As Independent Educational Consultants, we are often asked to weigh in on this question. Since colleges accept both tests equally, we typically advise students to determine which test suits them best and prepare for that one. However for current sophomores, the answer is more complex. There are three options for the Class of 2017: old SAT (now through Jan 2016), new SAT (March 2016 and future test dates), and ACT with writing.

Test prep experts have been closely following the shifting landscape and analyzing the differences between the old and the new SAT. The following two blogs from Compass Education Group provide a detailed analysis of the options and their recommendations.

SAT and ACT Insights for class of 2017 Part 1

SAT and ACT Insights for class of 2017 Part 2

So what is our advice for the Class of 2017?

ACT with Writing: Prepping for the ACT may be the safest bet for current sophomores. There are ample practice tests available and tutors and test prep classes know the tests inside and out. Issues: The math on the ACT is typically more advanced than the math tested on the old SAT. You need to be able to work fast on the ACT as you have less time per question compared to the SAT.

Old/Current SAT: If you knocked your 10th grade PSATs out of the park, and you have time to do test prep either this school year or over the summer, and you can take the current SAT at least twice by January of 2016, then this test may be the test for you. Issues: you don’t hit your target score by Jan 2016 and need to prep for another test (either the new SAT or the ACT). Colleges want scores from new SAT (we heard this from one consultant, but have not heard widespread rumors of this being an issue).

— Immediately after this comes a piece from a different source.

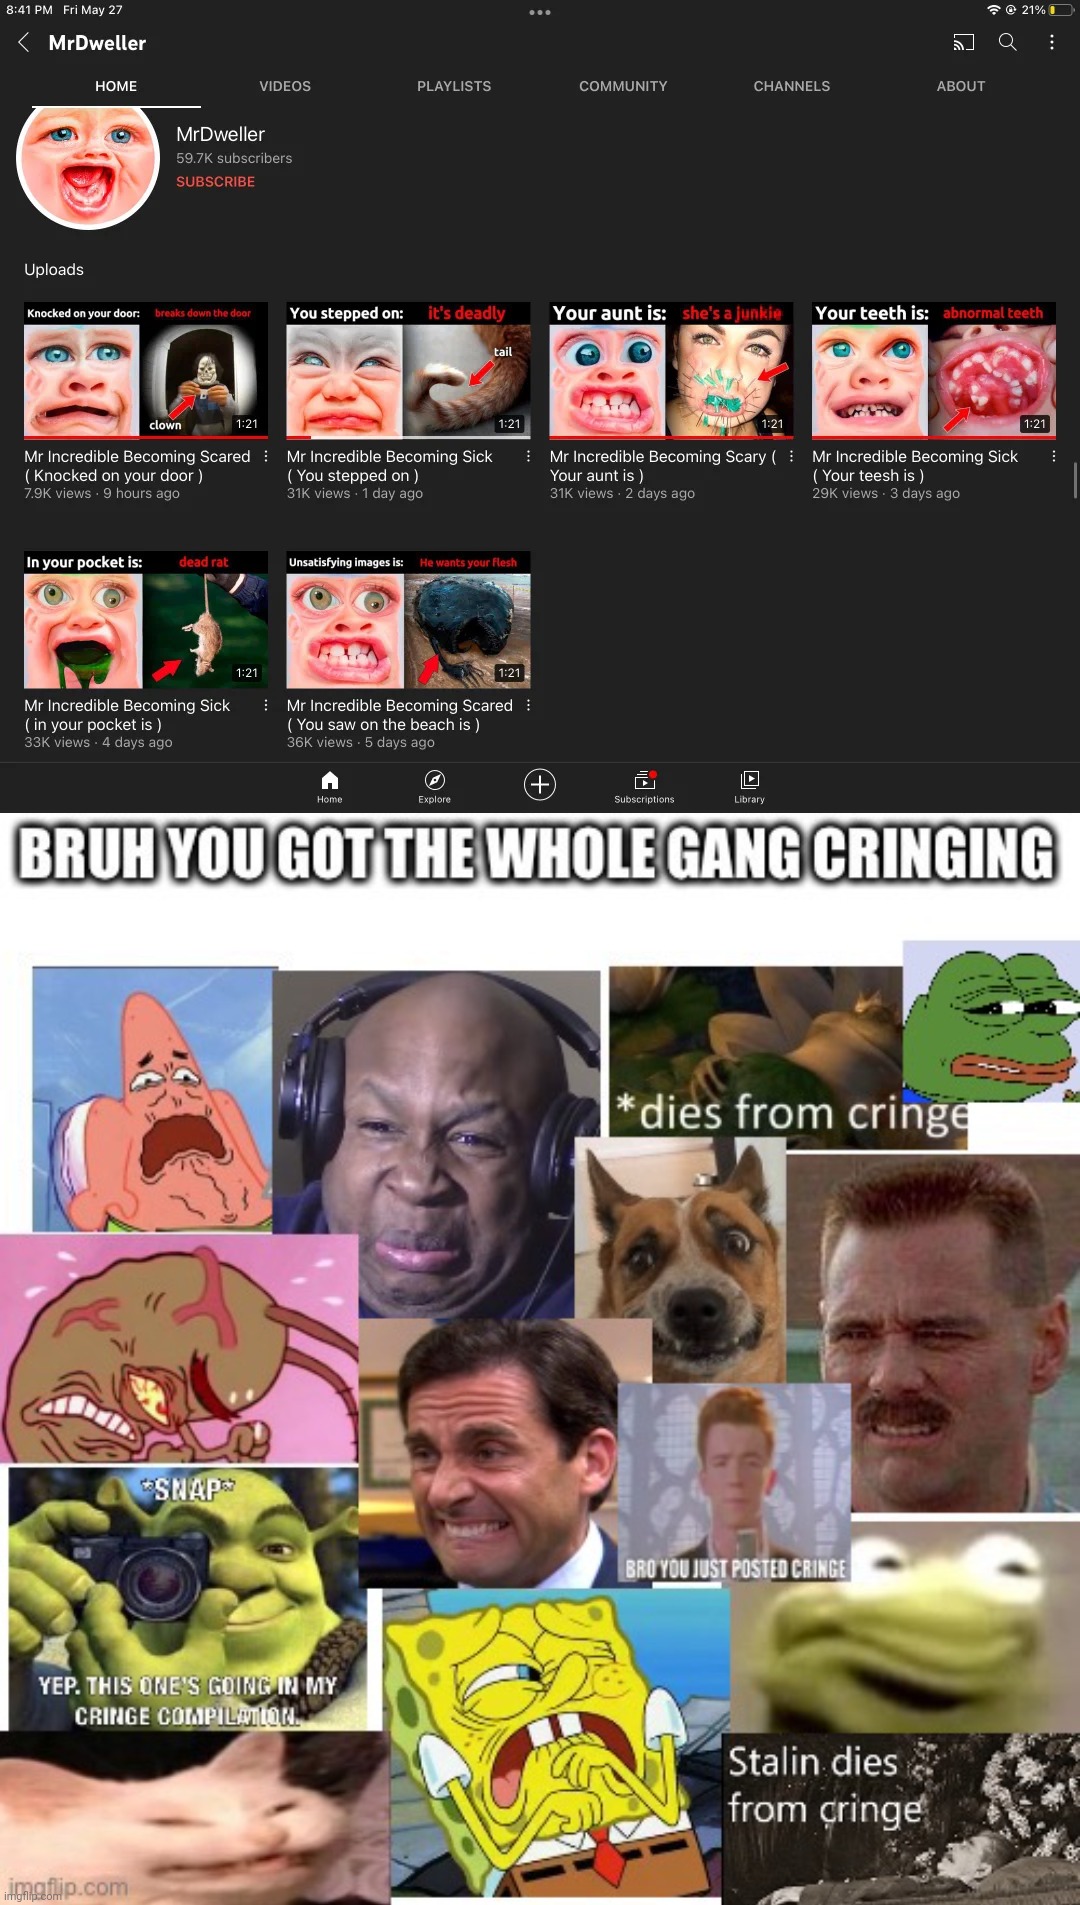 Cringe | image tagged in the gang cringes,cringe,memes | made w/ Imgflip meme maker

New SAT: The new SAT is rumored to look more closely like the ACT, so if you plan on doing your testing later in your junior year, you can evaluate how you do on the 11th grade PSAT (new design) and compare that to a practice ACT. Make sure any SAT prep you do is using materials prepared for the newly designed test. Issues: You wait too long to begin your preparation. You prep using outdated materials.

Once you determine which test to take, here are some tips on how best to prepare.

Preparing for Standardized Tests

Decide if you do better learning in a group class or with one-on-one tutoring. Both are effective, but some kids do better in one setting or another.

Allow enough time to prepare. Most students do better when they have ample time to prepare. Allow at least three or four months of preparation before the test.

Figure out if you need and are eligible for extended time. We’ve had several clients improve their scores dramatically by getting the proper documentation to prove they need extended time.

Practice, Practice, Practice.  The more you practice taking the tests, the more comfortable you will be in a real setting. It’s just like prepping for a sport or rehearsing for a show.